The modern sophisticated lifestyle with its needs and high costs has turned mankind into depressed creatures, distant from each other, caring less. They lack the ability to keep smiling when meeting other people in the grocery store, on a bus going to work in the morning and on their way back. People do not greet each other in streets like they used to, partly because of social distancing - not the current pandemic precaution that was recently introduced but the one that was created by multicultural differences, which is a totally different subject from the reasons we are discussing here - and partly due to the stressful lifestyle.

Although current technology, science, or economic structures were meant to create easier and less expensive way of life for man, such ways of life do not bring fair winds and following seas. To the contrary, the depression, stress and discontent became the fuel to flourish the contemporary lifestyle, like a dark monster that feeds on the misery of mankind.

What a hefty price to pay just to keep food on the table and a roof above the children’s’ heads, but when mission is accomplished and the birds leave the nest, when the responsibilities diminish, people wake up and suddenly they have reached the age where they merely have to survive.

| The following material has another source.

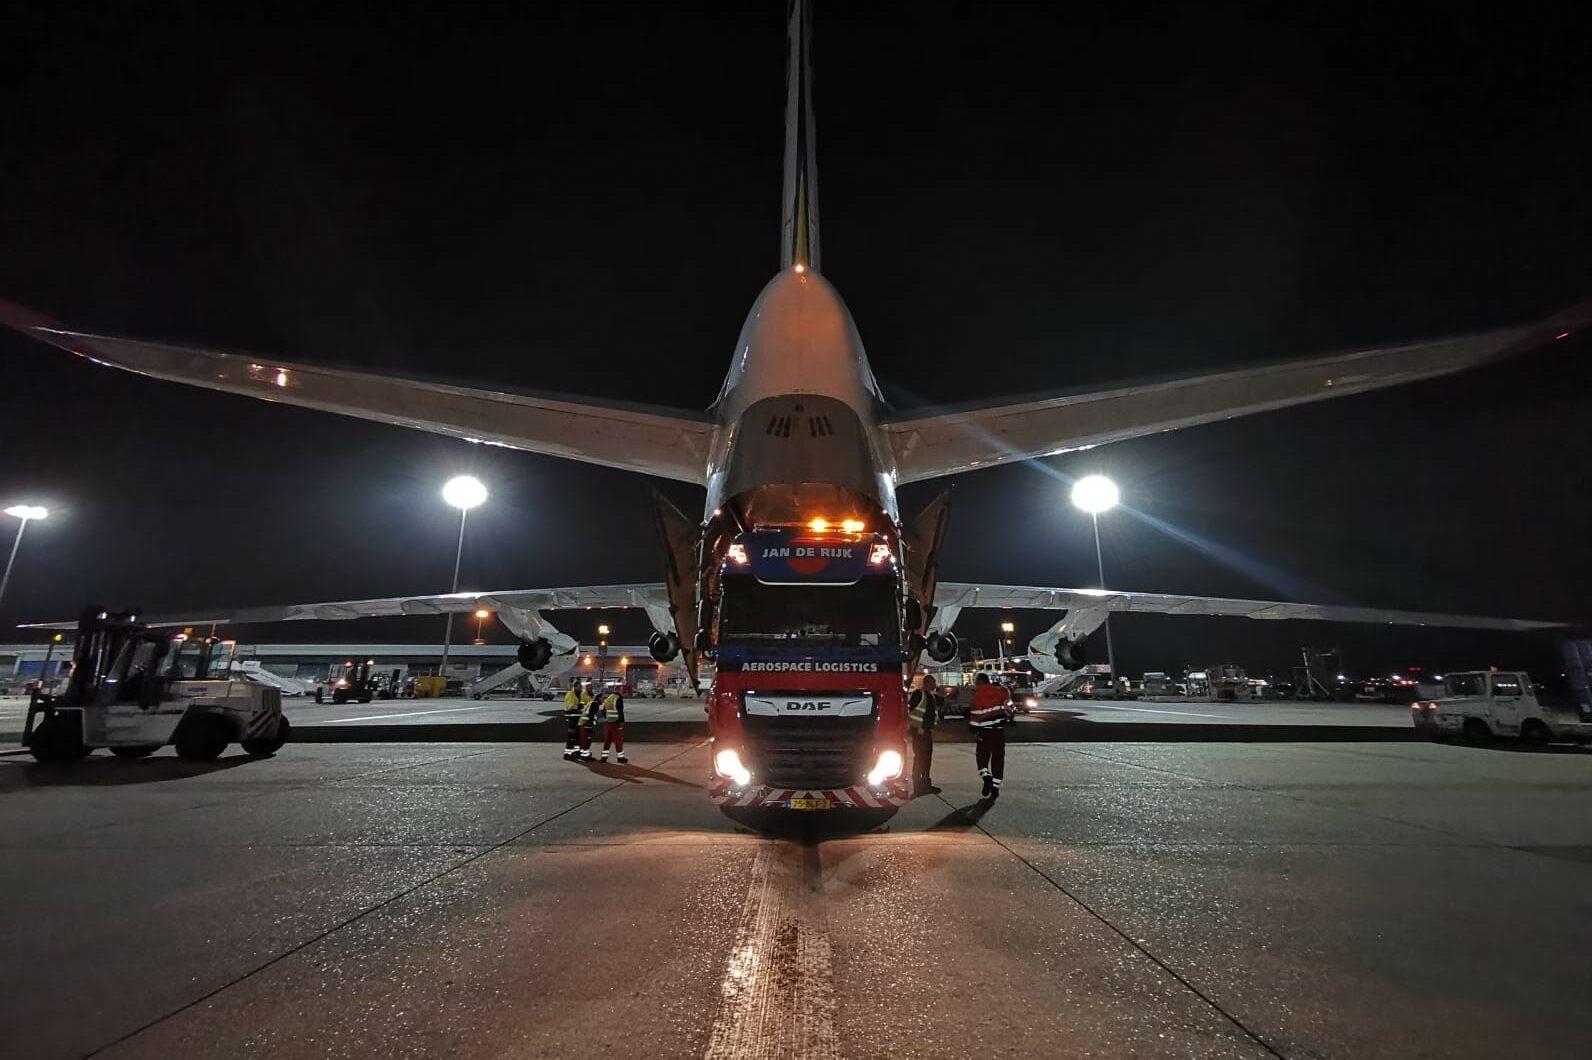 Jan de Rijk Aerospace Logistics

Should we blame governments for the depression we live in or blame ourselves! In fact, it is a combination of both. Governments failed to secure happiness for its citizens who have already chosen and signed with the social contract by which they must accept what the government decides is right for them. Like helpless children who need the care and protection of their parents, although the governments perceive them as homeless orphan children who should be grateful that someone is looking after their basic needs in the dawn of humanity. On the other hand, people are to be blamed for making the same mistake over again by carelessly voting for those who promise but do not deliver. A society has first to realize the reasons behind their restlessness then plan for their future to be joyful.